Бедняки, голь, как говорится, бесштанная, у кого горе-злочастье в избе на лавке сидит, — вот наша армия.
А Учредительное собрание, — я видел в Нижнем, как выбирали, — одни интеллигенты да беспощадные старцы.
— Ловко ты насобачился разговаривать, — сказал Рощин, скрытно скользнув взглядом по собеседнику.
Звали его Квашин.
С ним он таскался вот уже неделю в одном вагоне, спал рядом на верхних нарах.
Квашина в вагоне звали «дедом».
Всюду, где можно, он пристраивался с газетой, — надевал на сухонький нос золотое пенсне и читал вполголоса.
«Эту пенсне, — рассказывал он, — получил я в Самаре по ордеру.
Эту пенсне заказал себе Башкиров, миллионер. А я пользуюсь».
— Это верно, что насобачился, — ответил он Рощину, — я ни одного митинга не пропускаю.
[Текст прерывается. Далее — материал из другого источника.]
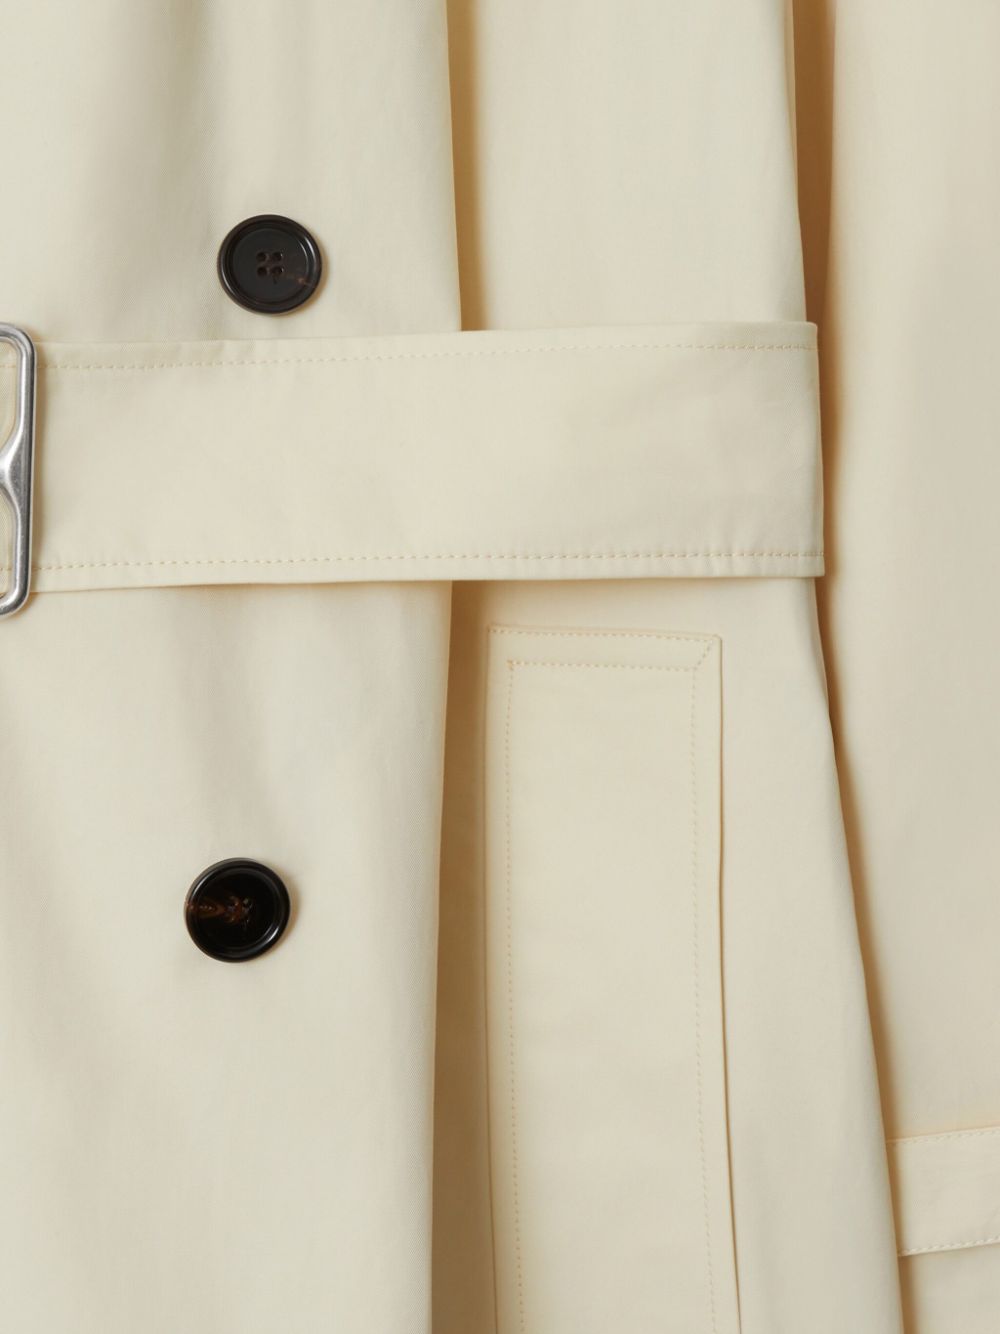 Shop Burberry Classic White Cotton Belted Jacket For Women

Придешь на вокзал, все декреты, постановления, все прочту.
Наша пролетарская сила — разговор.
Чего мы стоим молчаливые-то, без сознания?
Плотва!
Он вынул газету, осторожно развернул ее, степенно надел пенсне и стал читать передовицу, выговаривая слова так, будто они были написаны не по-русски:
— «…Помните, что вы сражаетесь за счастье всех трудящихся и эксплуатируемых, вы сражаетесь за право строить лучшую, справедливую жизнь…»
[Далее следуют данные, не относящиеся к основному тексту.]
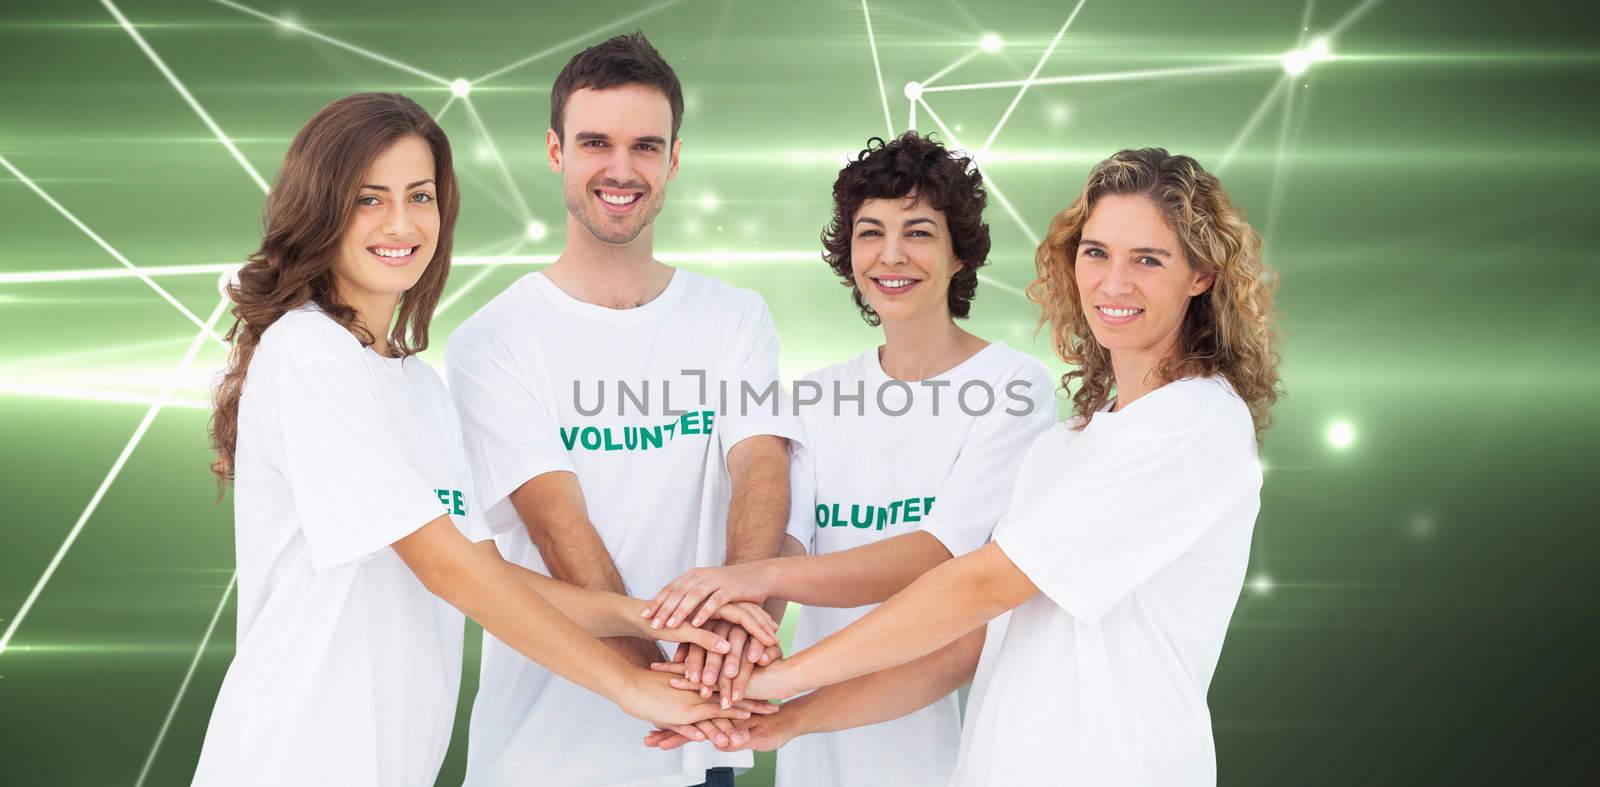 Composite image of smiling volunteer group piling up their hands by Wavebreakmedia

Рощин отвернулся и не заметил, что Квашин, произнося эти слова, пристально глядит на него поверх пенсне.
— Вот, парень, и видно, что ты из богатеньких, — другим уже голосом сказал Квашин.
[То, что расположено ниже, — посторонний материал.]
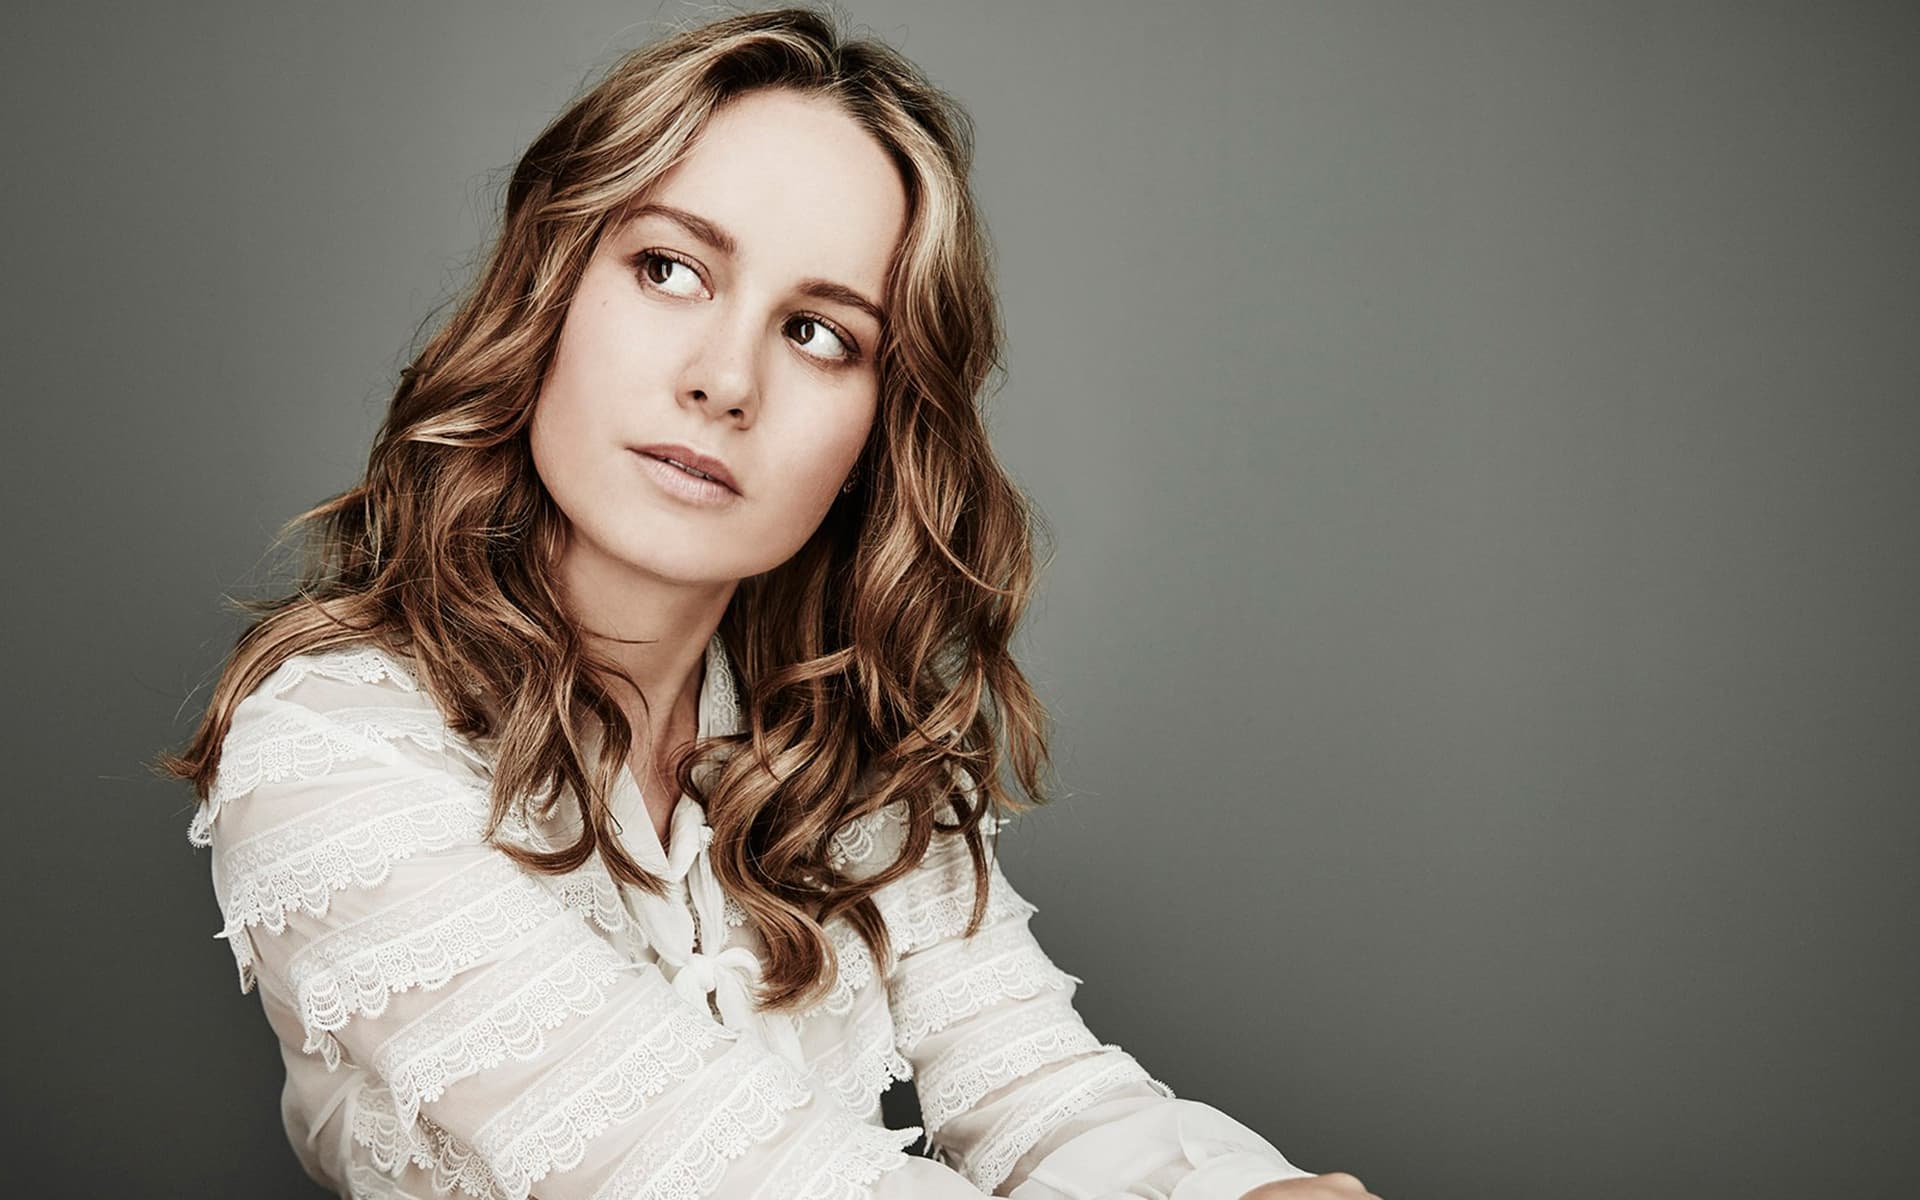 Brie Larson wallpaper High Quality Resolution Download

— Мое чтение тебе не нравится.
А ты не шпион?
От станции Афинской эшелон Варнавского полка в пешем строю двинулся к станице Ново-Дмитровской.
В полуночной тьме свистал ветер на штыках, рвал одежду, сек лицо ледяной крупой.
Ноги проваливались сквозь корку снега, уходили в липкую грязь.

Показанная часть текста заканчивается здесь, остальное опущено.